“The end of a thing is better than its beginning; The patient in spirit is better than the proud in spirit.” Ecclesiastes 7:8
For the longest time I couldn’t quite understand this verse. Simply put, why would an ending be better than a beginning? Beginnings are exciting twinged with a bit of fear, and a whole lot of anxiety for some. Endings are sad mostly, laced with regret and pain for others.
It wasn’t until recently that I discovered just how grateful I am for endings. While I haven’t written much on this I do want to be transparent and share how coming to gratefulness in an ending is worth it.
You see in June I lost my job.
Actually it was more than that, it was my calling, my profession, what I poured my life into. It was my livelihood. It came unexpectedly and it was wrongfully executed. To put it plainly, it was just wrong. What would happen over the next six weeks while I searched for a job was life changing for me. I found myself, who I actually was, once again and who I am in Christ.
This was something I had lost somewhere in my job-because that is what had become of me. I was my job, my job was me. Every bit of it was wrapped up in me and who I was. I found I welcomed anxiety, stress and insomnia as friends all too easily. If I happened to be with friends when I wasn’t working rather continuously, I was talking about my work. I became hard to be around simply because I had allowed my job to become my life.
Someone recently said we make our own idols out of the things we desire to give us that only God can. I believe wholeheartedly I made my work, the busy of it, and the immense strain of it my idol. I could easily say I was pushed and pulled into it by those around me, however I made that choice. And I chose it again, and again, day in and day out.
As I come upon the five months since that occurred I had to stop and put it into perspective of this week. A week of gratefulness acknowledged in every aspect, of life and love, of truth and beauty and of what God is doing in me and through me. I was brokenhearted over the loss of my job in June. But as I sit here in November I am grateful for that ending. An ending I would not have crafted and I firmly believe was not by God’s design, but one that He knew I would weather because I would be fully in His hands. Endings are worth it and are better than beginnings because we are able to part with something or someone.

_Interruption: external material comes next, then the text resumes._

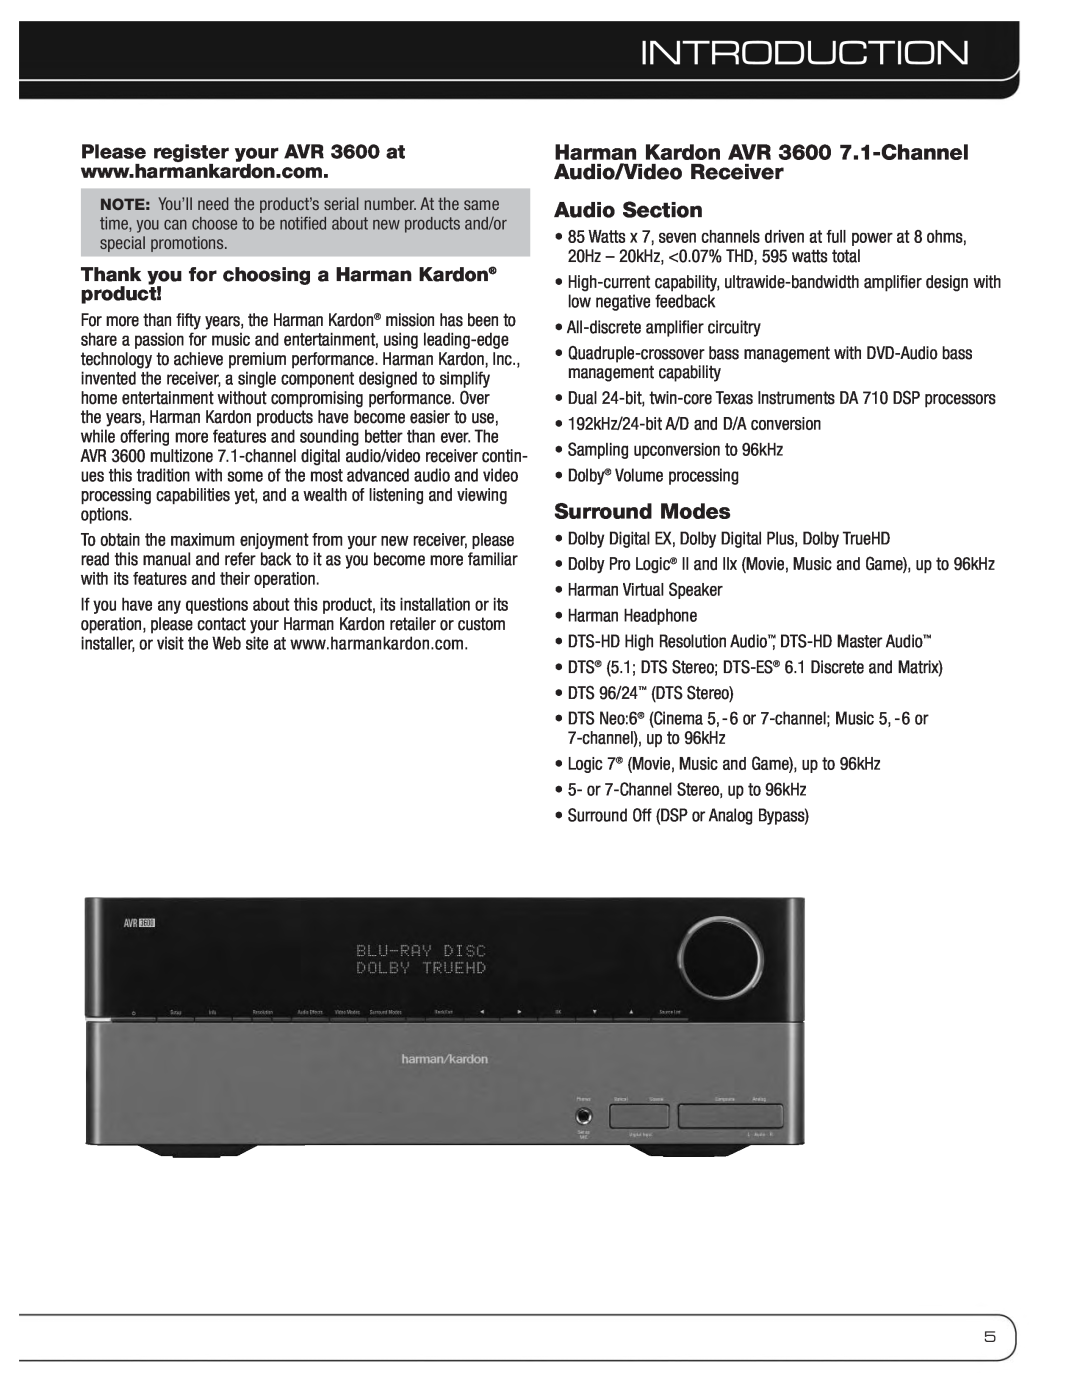 Harman-Kardon owner manual Introduction, Audio Section, Surround Modes, Please register your AVR 3600 at

We gain perspective we didn’t have at the beginning, we are older, wiser, stronger and better than we were at the start. We can boldly come to the end of something and choose gratitude for it having been complete. When we have weathered an ending we see patience lived to it’s fullest. Pride is no longer our banner as humility rings true.
Being grateful that a thing is over can be difficult to see at the present of it, but soon you realize that all along you were navigating to an end. I know I would not be where I am now, having experienced and met some of the most godly and amazing people I have had it not been for that ending. I am grateful for that, because it’s allowed me to see the beauty in people in action not in word. It’s opened my eyes to possibilities and paths I had long-since pushed aside for other people’s goals for my life. More than anything, it’s given me the grateful heart to bid adieu to a chapter of my life that I wasn’t truly writing. This ending is truly worth it even in the face of beginning again.